Creation of 1,500-Member Scientific Talent Pool
Beyond enforcement, the regulator is also strengthening its institutional capacity. Referring to provisions in Budget 2026, Raghuvanshi announced the creation of a flexi-pool of 1,500 scientific experts within the CDSCO. This talent pool will support:
*Clinical evaluation
*Regulatory assessments
*Technical review processes
By expanding scientific expertise, the CDSCO aims to improve regulatory efficiency while maintaining rigorous oversight.
Digital Governance Overhaul and NSQ Dashboard
CDSCO plans to launch an NSQ dashboard, which will provide a compliance-linked profile of companies flagged for quality lapses. This move will increase transparency and accountability within the pharmaceutical sector. Furthermore, the governance-related Sugam portal—the regulator’s online platform—will undergo a comprehensive revamp to integrate all aspects of the regulatory value chain. The ₹100 crore digital transformation project has already received approval from the Centre.

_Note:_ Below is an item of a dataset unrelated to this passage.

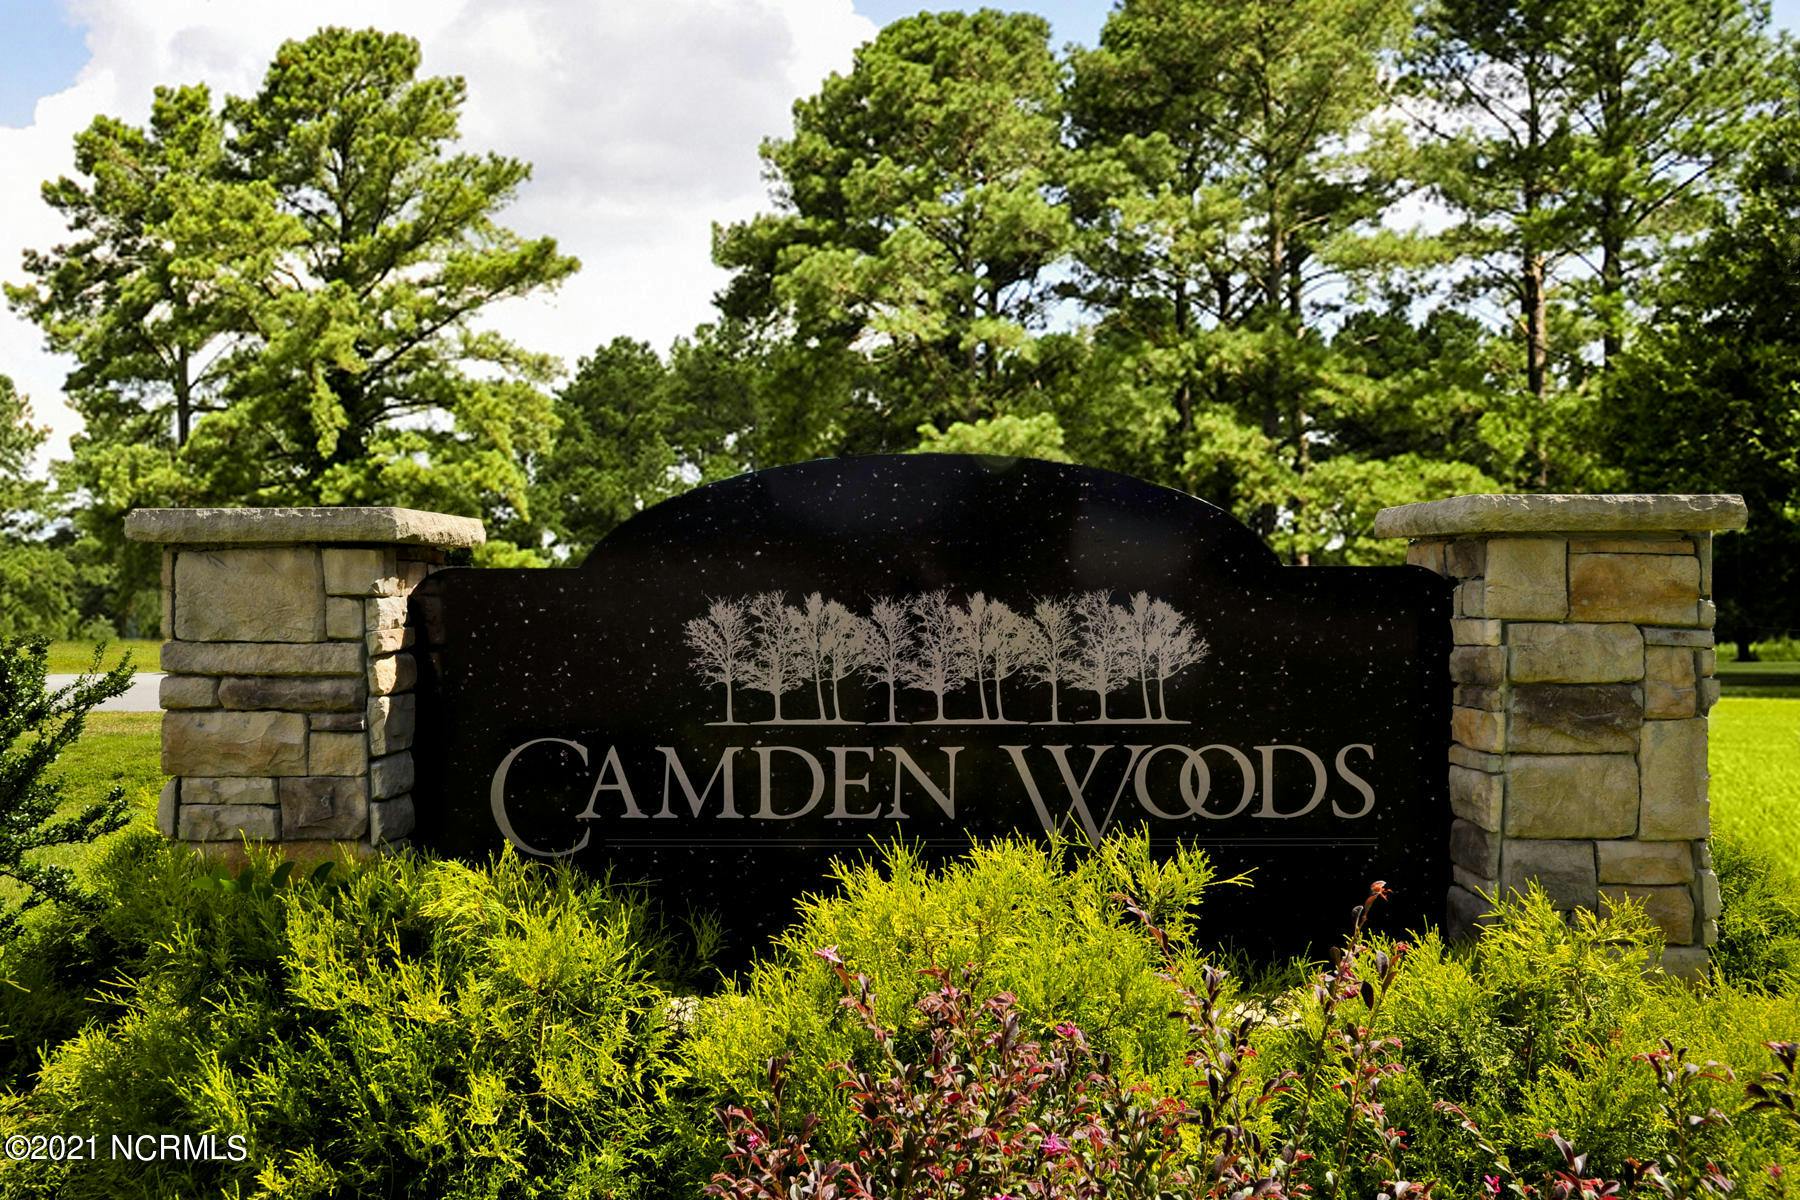 000 Camden Woods Custom Signage

Raising the Bar for Indian Pharma
Collectively, these measures signal a structural shift in India’s pharmaceutical regulation. By tightening inspections, enforcing revised GMP norms, suspending non-compliant licences, and strengthening scientific capacity, the CDSCO aims to elevate quality standards across the industry. As reported by thehindubusinessline.com, as India continues to position itself as a global pharmaceutical hub, regulators are making it clear that sustained innovation and export competitiveness must rest on a foundation of uncompromising quality compliance.